Miss your 2nd COVID vaccine dose? Supply, expanded eligibility, vaccine hesitancy may be to blame

5M Americans have missed 2nd dose of COVID vaccine: CDC
CHICAGO -- There is a growing surplus of COVID-19 vaccines across the country, and while many have been waiting to hear those words, there's concern that the U.S. might not reach herd immunity as soon as originally thought.

Despite this, doctors are still urging everyone who is able, to get vaccinated against the virus.

As of Sunday morning, more than 225 million Americans have gotten at least one dose and about a quarter of the population is fully vaccinated.

However, a trend some health experts are starting to see is people skipping their second dose of vaccine.

Top health officials said the increase in missed second coronavirus vaccine doses was anticipated with the increase in eligibility, but they are now also focusing on figuring out why this may be the case.

Doctors and experts concerned about what this could mean in the long run are worried that the millions missing this second shot could impact herd immunity in the battle against COVID-19.

New data from the Center for Disease Control reported that only 92% of people are completing the two-dose series of Pfizer and Moderna vaccinations. That means about 8% of those eligible may have missed their second dose.
That 8% translates to about 5 million Americans.

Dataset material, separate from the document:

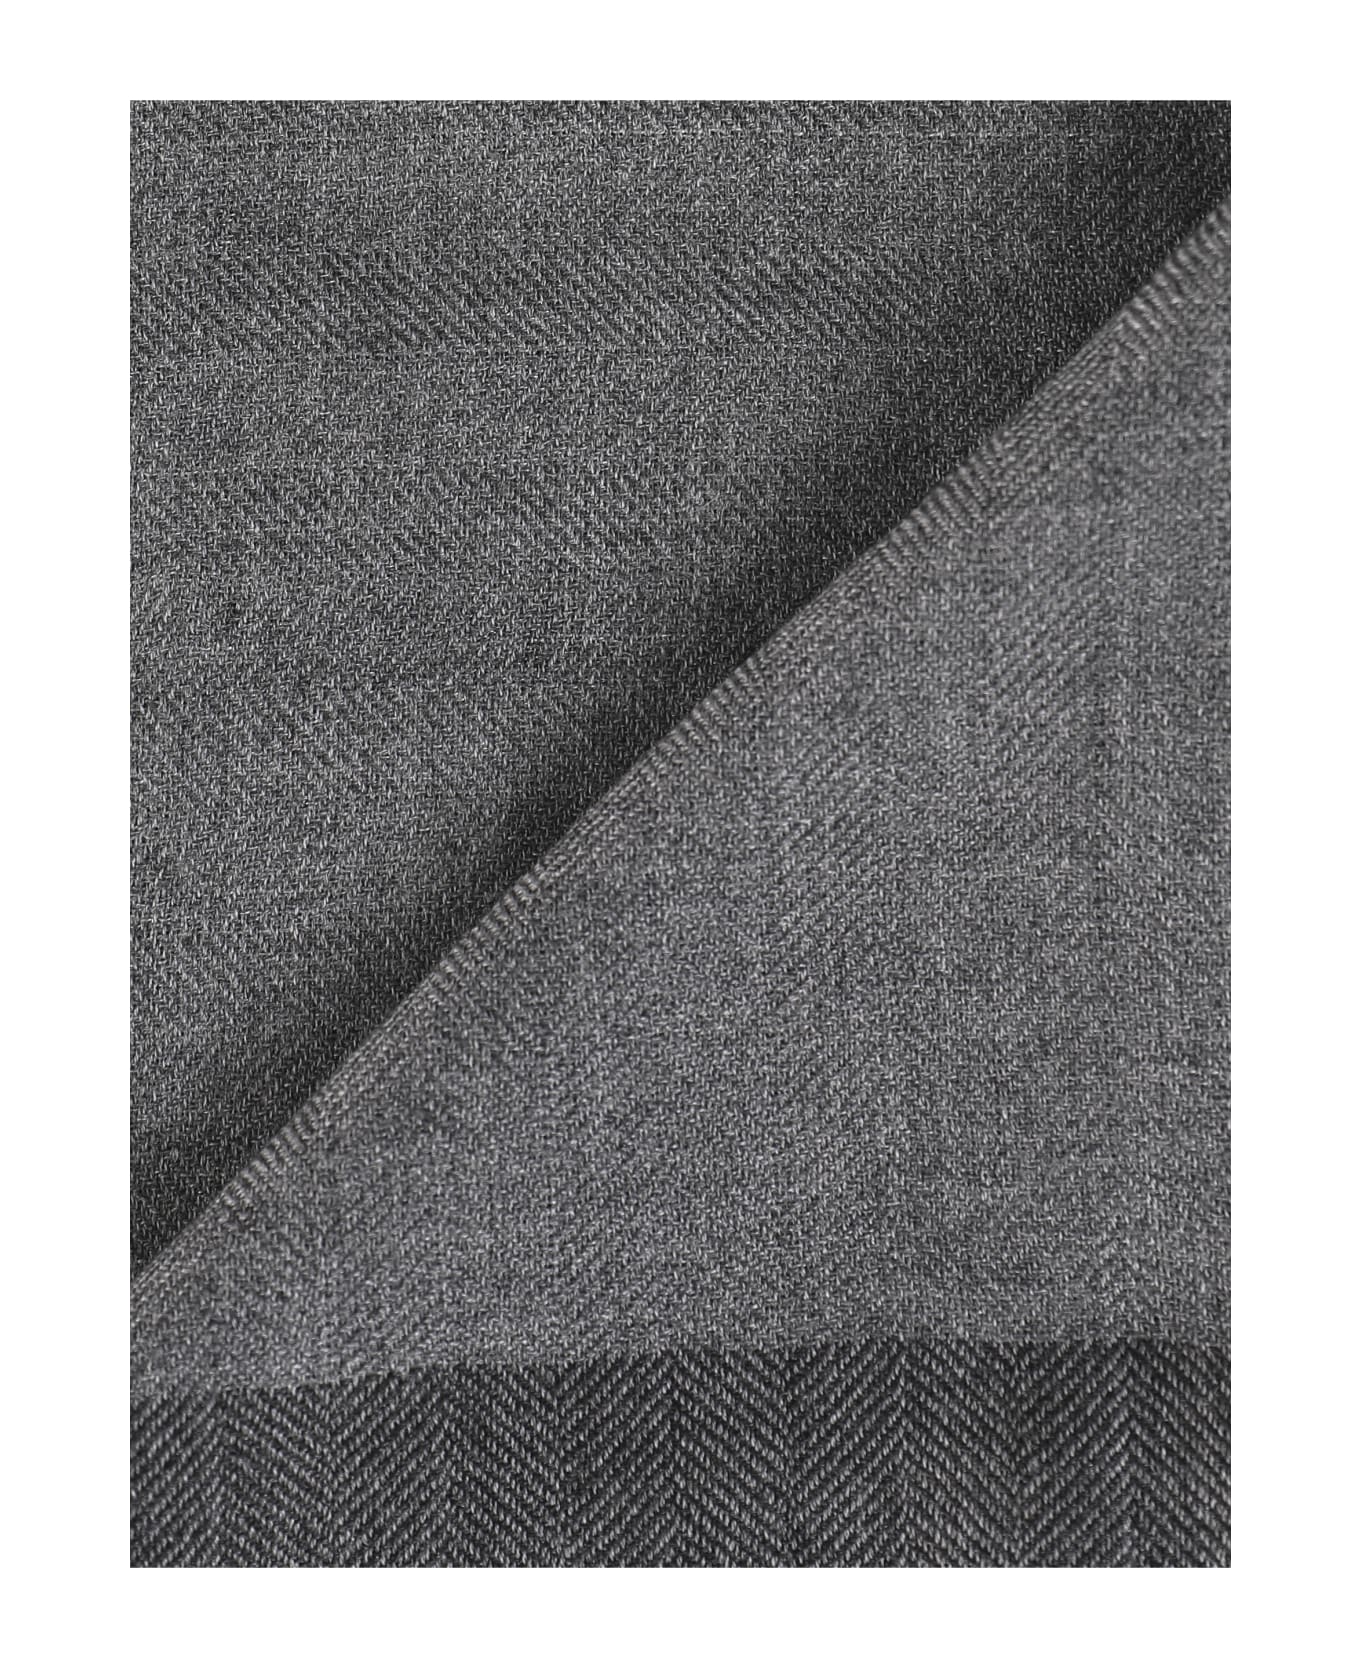 Ferragamo Scarf In Silk And Cashmere - Grey スカーフ
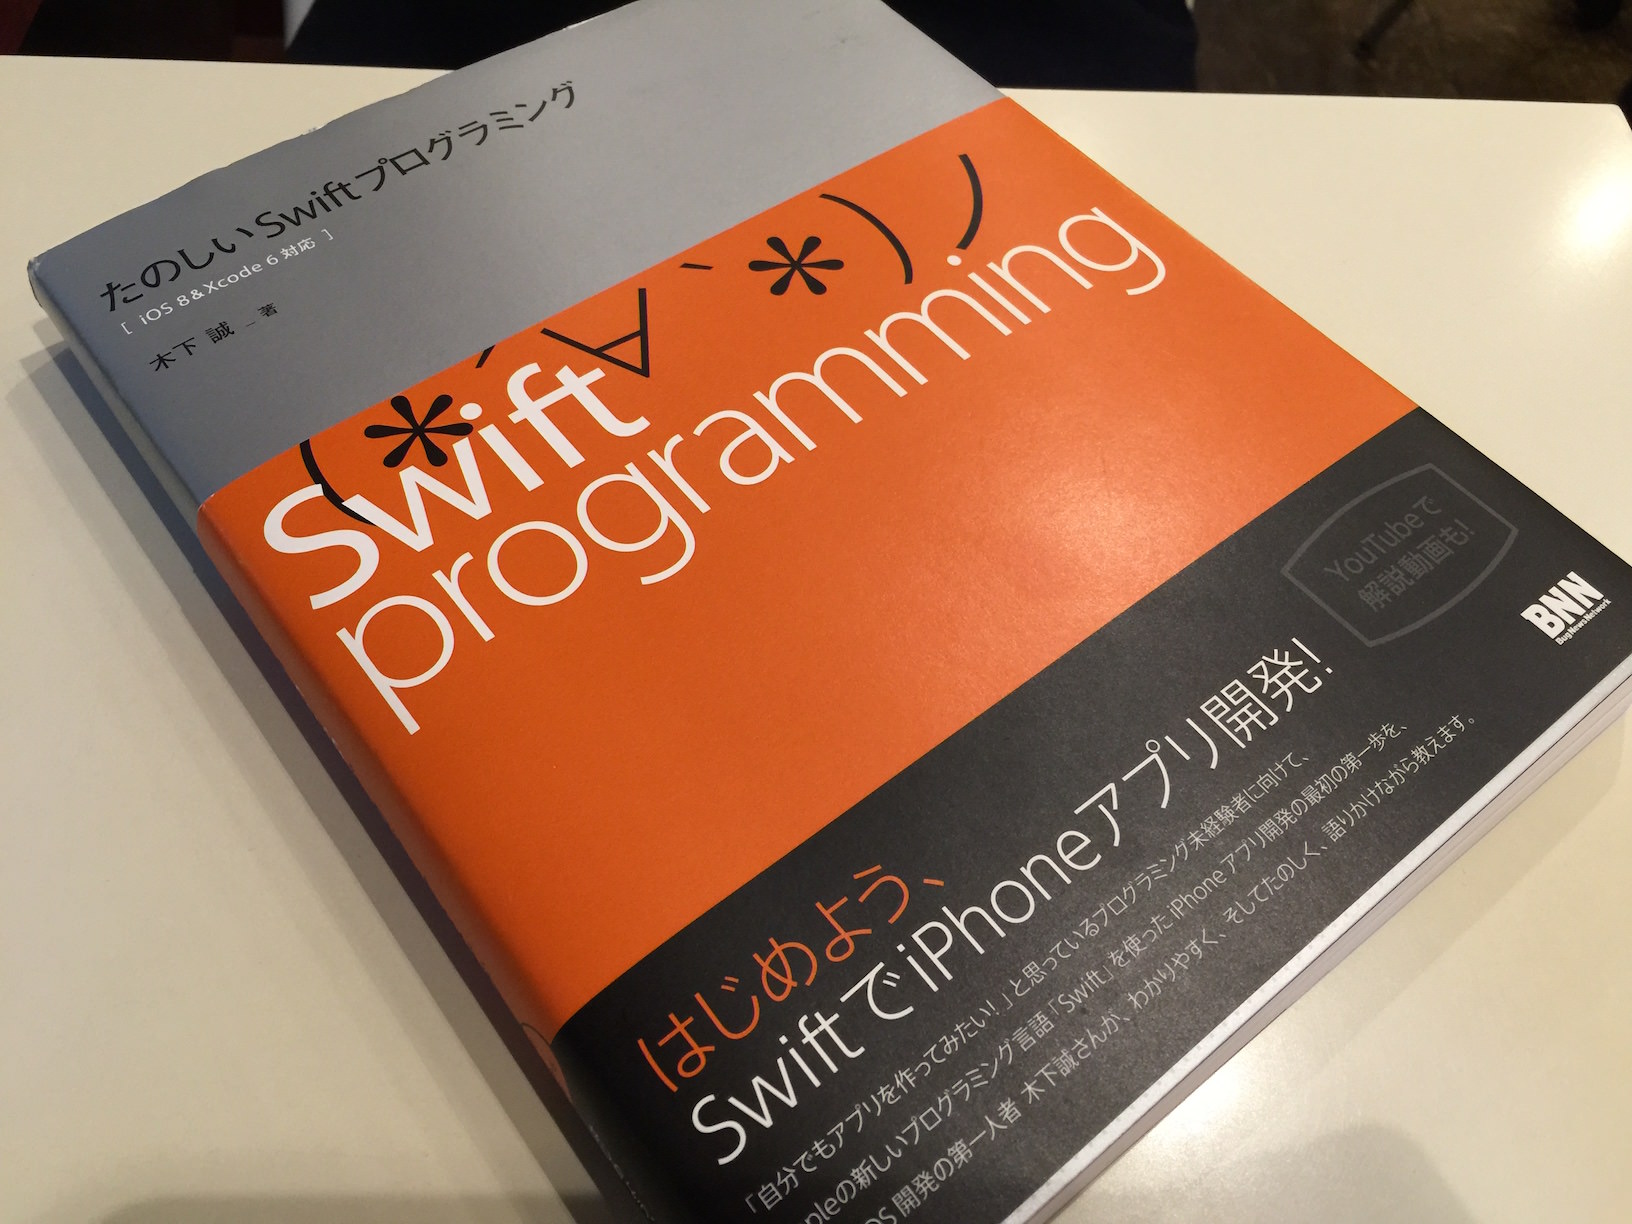 Tanoshii swift programing

"That means that we're not going to be able to reach herd immunity as quickly as we would like," said Dr. Zachary Rubin, a clinical immunologist.

Health officials are now reminding those that have missed their second dose that it is necessary in order to provide full immunity and to be considered fully vaccinated.

Why is this happening?


Authorities are still working to figure that out to see if missed doses or delays are due to access, meaning supply or vaccine availability, or even vaccine hesitancy.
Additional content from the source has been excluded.